Sandspout Bookstore

1920s: Inequality & the Last Hurrah

 

Ulysses [1922]
James Joyce (1882-1941)
The possibly greatest (and definitely the most famous) modernist novel of all time, Joyce follows the travels of his hero through Dublin of 1904, with the same sense of epic majesty as Homer did before him. With wide ranging allusions and dazzling wordplay, this is a novel that never ceases to amaze and always rewards rereading.

The Enchanted April [1922]
Elizabeth von Arnim (1866-1941)
A discreet advertisement in The Times addressed to “Those who Appreciate Wisteria and Sunshine…” is the impetus for a revelatory month for four very different women in the Italian Riviera. A fabulous and magical book, guaranteed to make you feel good about life.

The Life And Death Of Harriett Frean [1922]
May Sinclair (1863-1946)
A life of seventy years compressed into fifteen brief chapters, and a portrayal and brilliant study of female virtue seen as vice. This is one of the great innovative novels of the twentieth century.

The Constant Nymph [1924]
Margaret Kennedy (1896-1967)
This is the story of Teresa a precocious fourteen-year-old girl, the daughter of a brilliant and Bohemian composer, Albert Sanger. She falls in love with Lewis Dodd, a gifted composer like her father, and awaits maturity and the fulfillment of her love. Even when Lewis marries her cousin, it does not shake Teresa’s faith in her love and she remains his constant nymph.

A Passage To India [1924]
E.M. Forster (1879-1970)
The fate of individuals caught in the great political and cultural conflicts of the modern world is exposed when a mysterious incident occurs while Adela and her elderly companion Mrs Moore, intent on discovering the ‘real India’, are exploring the Marabar caves with Dr Aziz, who soon finds himself at the centre of a scandal that rouses violent passions among the British and their Indian subjects.

Precious Bane [1924]
Mary Webb (1881-1927)
Born at the time of Waterloo in the wilds of Shropshire, Prue Sarn is a free spirit cursed with a harelip – her ‘precious bane’. Her seemingly hopeless love for the weaver Kester Woodseaves unfolds, set against the tragic drama that ensnares her brother, a driven man who spurns the harmony of the natural world that her sister has always nurtured.

The Murder Of Roger Ackroyd [1926]
Agatha Christie (1890-1976)
Roger Ackroyd knows that the woman he loves has poisoned her first husband and suspects that someone has been black-mailing her. Now he learns that she has taken her life with a drug overdose. The post brings Roger one last bit of info-rmation, but he is stabbed to death before he can read it. This book cements Christie’s reputation as Queen of Crime, and moves away from traditional formulaic plots into experiment and excitement.

To The Lighthouse [1927]
Virginia Woolf (1882-1941)
This is the most autobiographical of Woolf’s novels. Based upon her experience of childhood, it touches on childish perceptions and desires, and explores adult relationships, marriage and class-structure. Her narrative makes ordinary moments almost luminous (well it does if you actually can get to grips with her prose style).

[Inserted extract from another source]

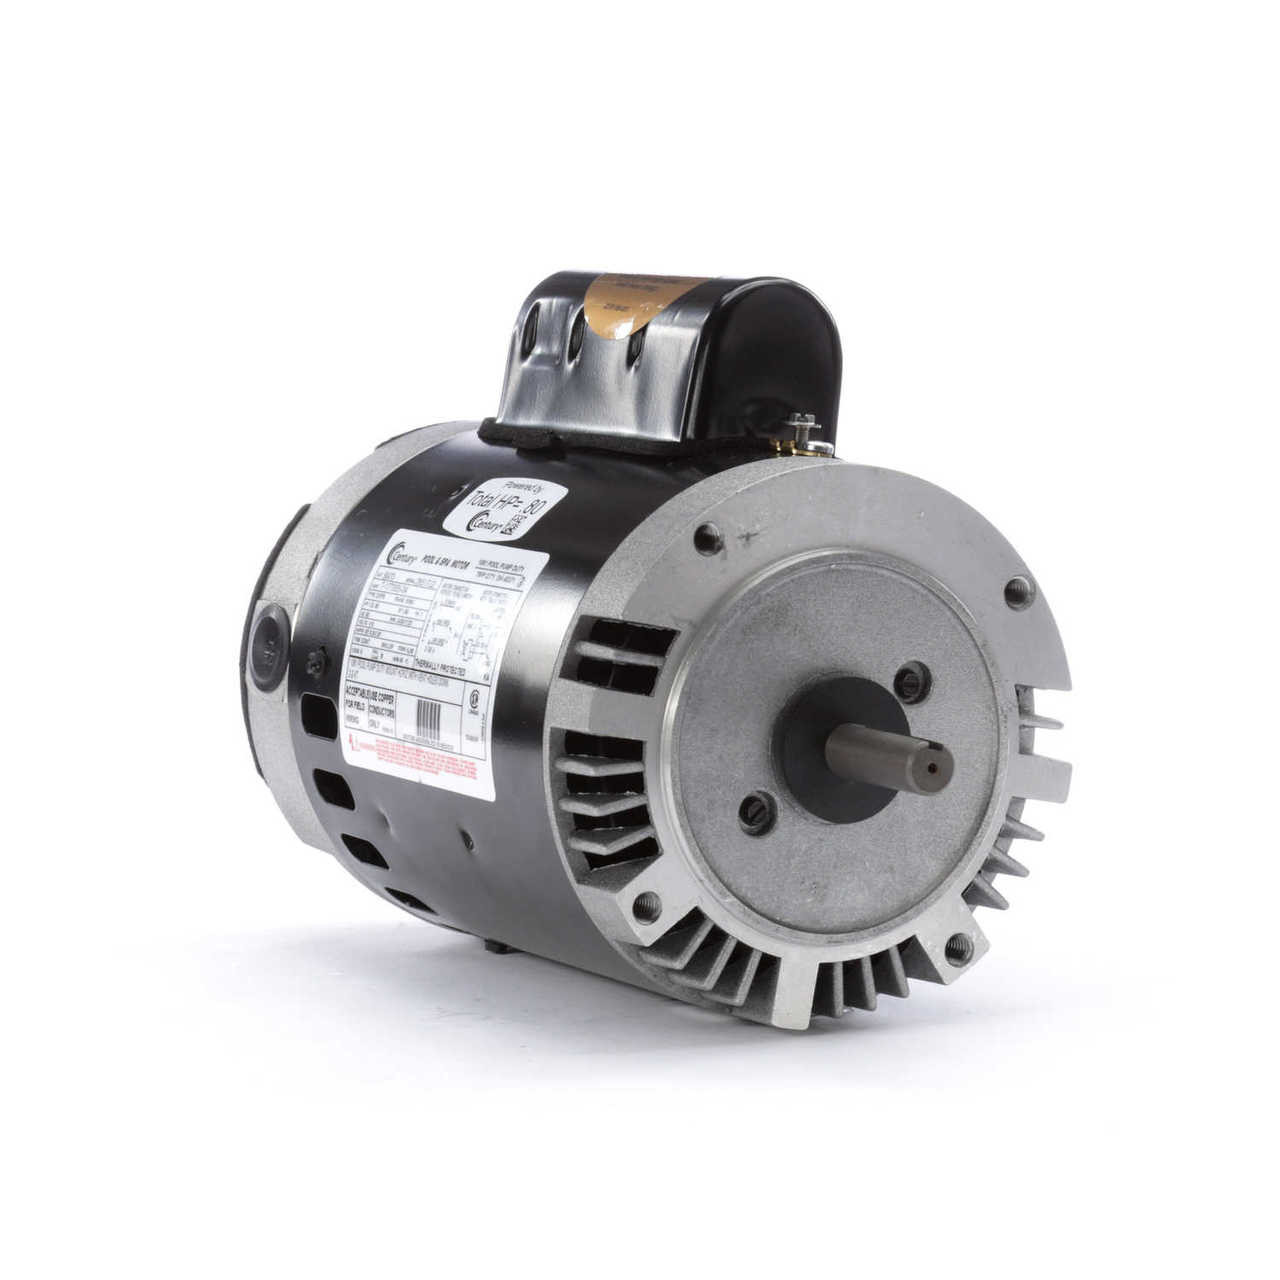 1 HP 2-Speed 56J Frame 230V; 2 Speed Swimming Pool Motor Century # B2975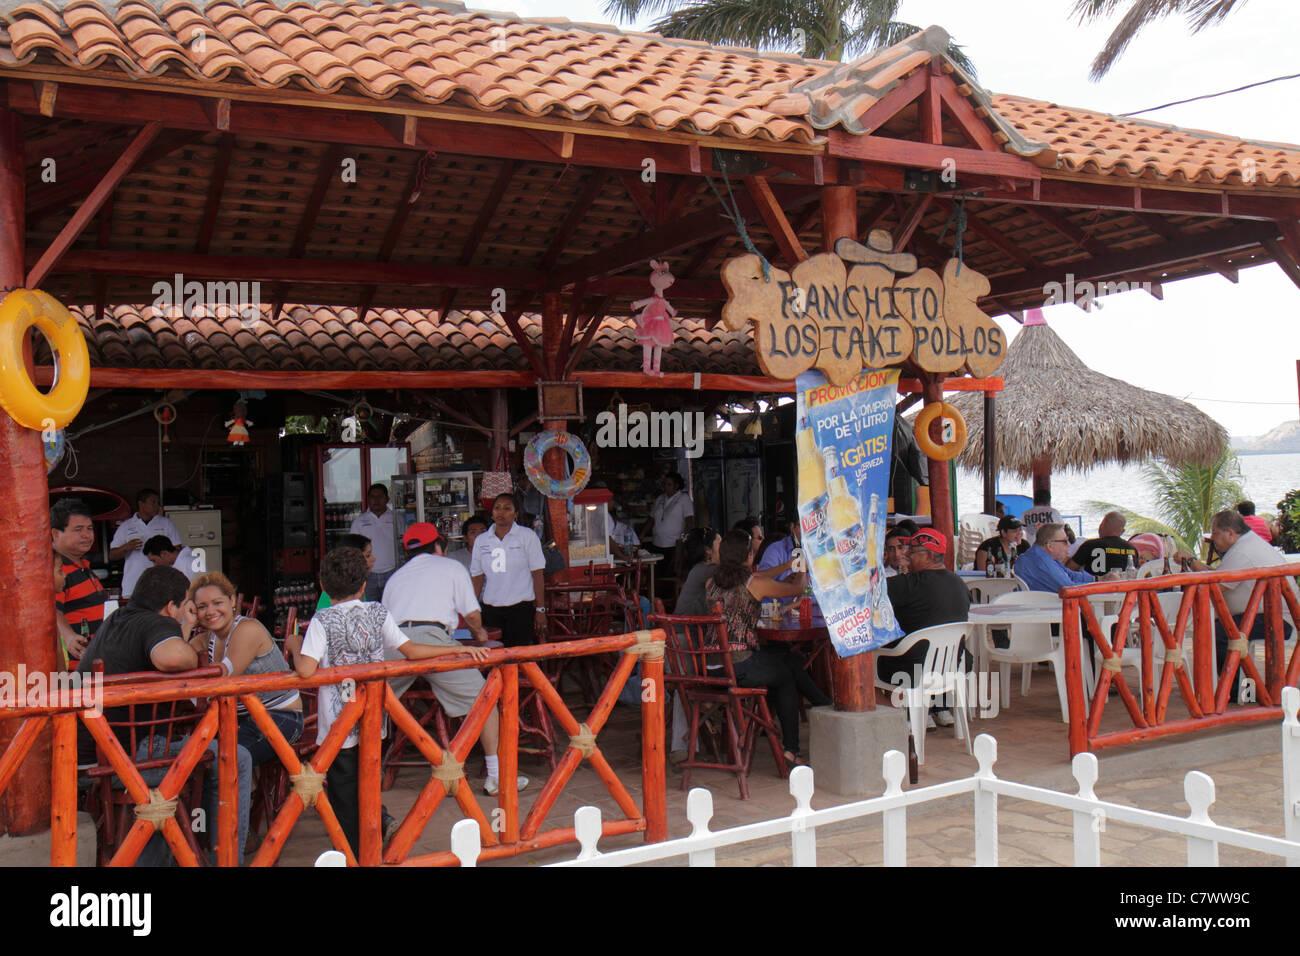 Managua Nicaragua El Malecon Puerto Salvador Allende Lake Xolotlan inland port waterfront recreational area Ranchito Stock Photo

Lady Chatterley’s Lover [1928]
D.H. Lawrence (1885-1930)
Lawrence is superb when writing about relationships and this tale of lusty sexuality between the different social classes both shocked and delighted readers. Originally published in Italy in 1928, the publication in England in 1960 resulted in the famous obscenity trial. Prosecution counsel Mervyn Griffith-Jones shocked the jury by asking: “Is it a book you would wish your wife or servants to read?”

Tarka The Otter [1927]
Henry Williamson (1895-1977)
Williamson regarded this book as one of the least important he wrote, but it is a brilliant depiction of life in the wild as seen through the eyes of an otter, and his most successful novel. Williamson was a brilliant novelist. His reputation has suffered because of his flirtation with right wing thought.

Parade’s End [1924-1928]
Ford Madox Ford (1873-1939)
Published originally in four parts, the novel focuses on Christopher Tietjens, an officer and a gentleman, the “last English Tory,” and follows him from the secure world of Edwardian England into the madness of the Great War, and recounts the complex relationship with his faithless wife, Sylvia.

Armed With Madness [1928]
Mary Butts (1890-1937)
A group of friends assemble in a remote country house. They embark on a mystical quest after discovering an ancient jade cup that ignites conflicting emotions. Butts’ writing style was unconventional (like her lifestyle), and was rich in its appreciation of landscape and myth.

The Well Of Loneliness [1928]
Radcliffe Hall (1883-1943)
The cause of the most famous legal trial for obscenity in British law, this book was banned in 1928 because of its lesbian theme (and became a bestseller). A father desperate for a son names his daughter Stephen. Unlike other girls, she hunts and fences, wears trousers and longs to cut her hair, and upon maturity falls in love, of course with another woman.